Sacar ahora del pozo de la memoria-desmemoriada a Pedro Solbes puede resultar un tanto forzado. Pero es que Solbes, ministro en el Gobierno presidido por José Luis Rodríguez Zapatero, condujo la economía en los albores de la que fuera la gran crisis del siglo XXI. La imagen que transmitía Solbes entonces fue la de una persona seria y rigurosa en un contexto en que «las alegrías» financieras y los gestos populistas fueron la dominante.

Después de unos años de progreso económico, la segunda legislatura de aquel Gobierno coincidió con el estallido de la gran crisis, de efectos devastadores en España; es lo que eufemísticamente se llamó «el inicio de la desaceleración» (2007-2008), pues la palabra «crisis» quedó literalmente apartada del diccionario gubernamental.

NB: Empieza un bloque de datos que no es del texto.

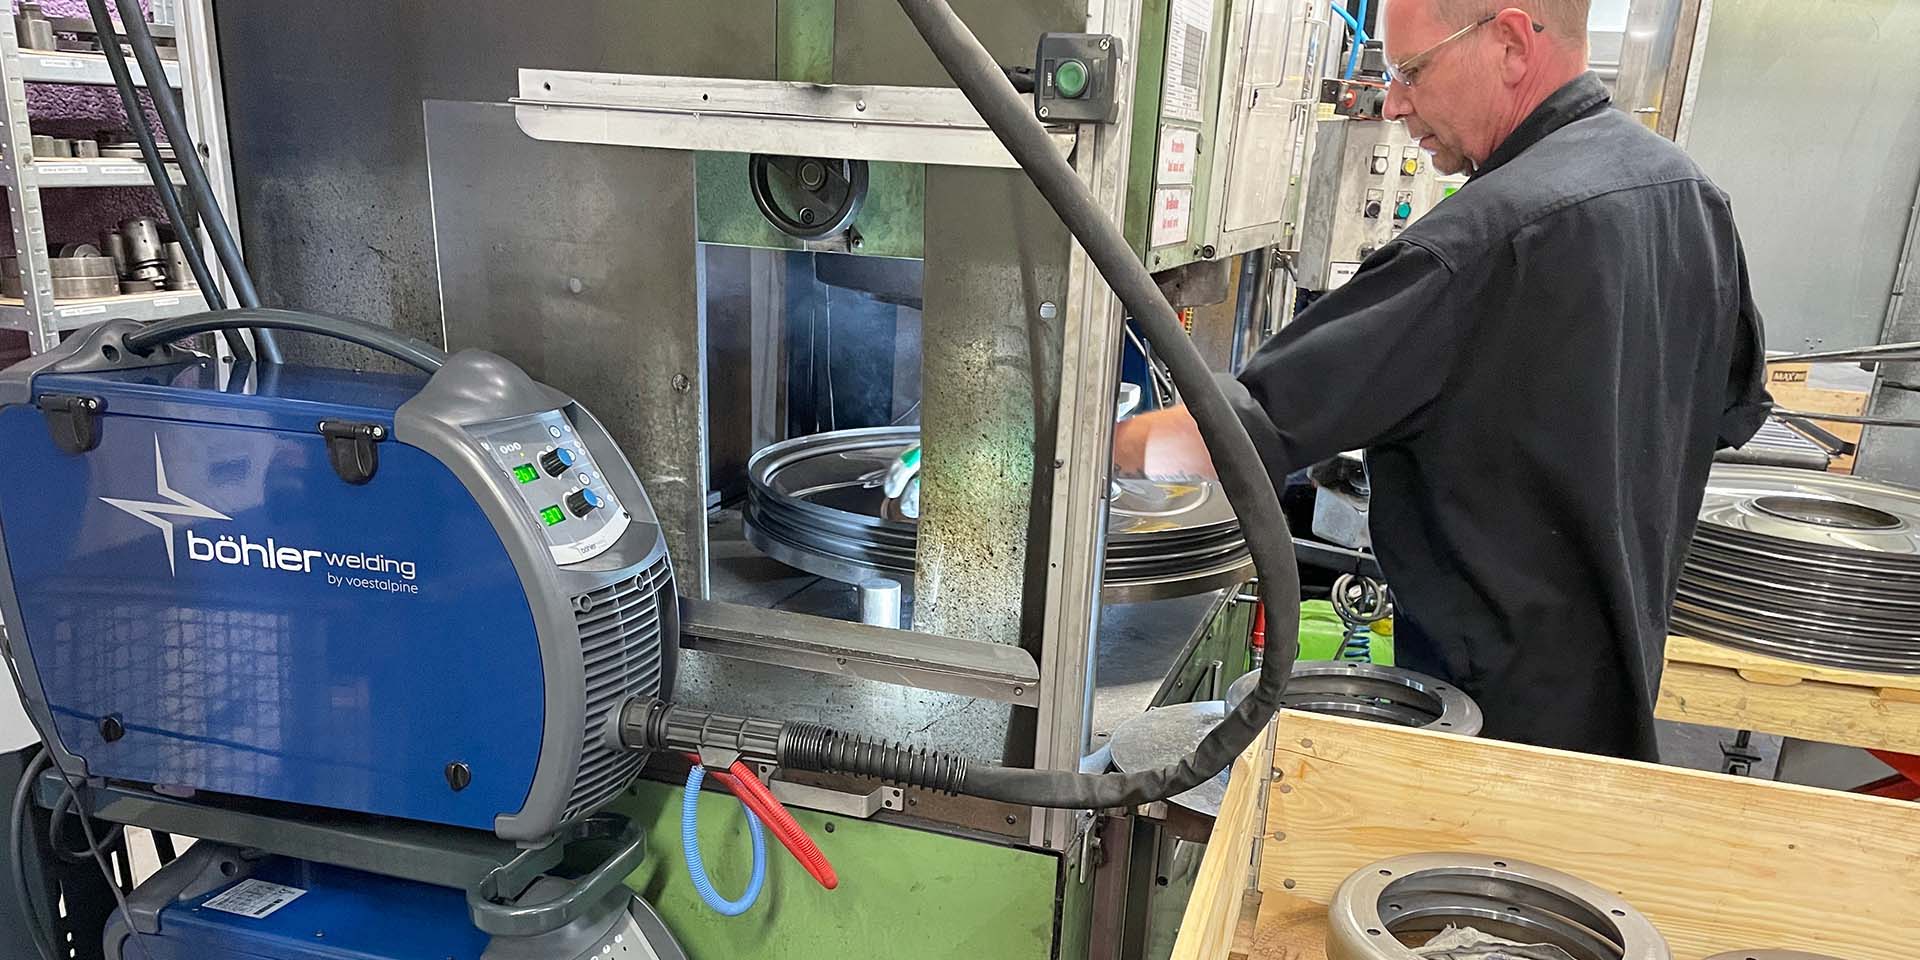 Steel Products' nye maskiner: Hurtigere svejsning og mindre bøvl

Y contaba el propio Solbes que, cuando abrumado por las dimensiones de «la desaceleración», comunicó al presidente que la situación ya no podía prolongarse más, Zapatero le respondió: «No me digas, Pedro, que no hay dinero para hacer política».

Se entendía que «hacer política» no era sino usar el dinero público para emplearlo y aplicarlo en inversiones que, al margen de su eficacia como motor de desarrollo, servían como elemento propagandístico, manteniendo una impresión de normalidad e incluso de prosperidad. Finalmente, la sustitución de Pedro Solbes por Elena Salgado (2009), dio paso a un período de declive económico del que, en buena parte, todavía no hemos salido.

Pero ¿por qué este recuerdo a Zapatero y sus gobiernos? Es que aquella crisis se llevó por delante, entre otras cosas, la credibilidad de uno de los grandes partidos de la transición española, el PSOE, que desde entonces, no solo no levantó cabeza en las urnas, sino que su espacio electoral fue disputado por otras nuevas formaciones políticas.

Pues en estas circunstancias, después de una moción de censura en la que nadie creía, Pedro Sánchez accedió a la presidencia del Gobierno y, mediante una imaginativa selección de su gabinete, consiguió en menos de una semana revertir las sensaciones y, de pronto, recuperar el optimismo para una izquierda que languidecía penosamente. Para ello se utilizó una buena dosis de «teatralidad» y calculado «índice de impacto», pues de cualquier cosa se podría acusar al gobierno «Sánchez» menos de no llamativo y sorpresivo.

Pero la operación tenía sus riesgos y algunos de ellos no tardaron en aflorar («el cese/dimisión» del ministro de Cultura, las dudas sobre el de Agricultura...), dejando a la vista que el impacto de la excesiva teatralidad es efímero y puede volverse en contra de quien abusa de ella. ¿Teatralidad como estrategia? De acuerdo, parece lícito. Pero sin abusar y, sobre todo, que siempre vaya acompañada de eficacia en el gobierno y contención en el gasto.

La mayoría femenina en el gabinete, la personalidad de alguno de sus miembros, el ya prediseñado traslado de los restos de Franco... todo ello son elementos que, por lo pronto, contribuyen a mantener esta atención mediática, pero no son suficientes ni de efectos permanentes y, sobre todo, poco aportan al desarrollo económico de España.

El exceso de teatralidad en el traslado a puertos españoles de los inmigrantes del Aquarius ha dejado a la luz la debilidad del sistema: un hecho objetivamente positivo y loable, se ha convertido en un espectáculo propagandista bochornoso y, además, ofensivo para quienes diariamente se dejan la piel en las costas andaluzas para salvar y socorrer a miles de inmigrantes. Además de la dignidad, está en juego el futuro de España y la supervivencia del propio Gobierno; se trata de que María Jesús Montero no tenga que plantarse un día ante Pedro Sánchez y decirle: «Pedro: no tenemos dinero para hacer política».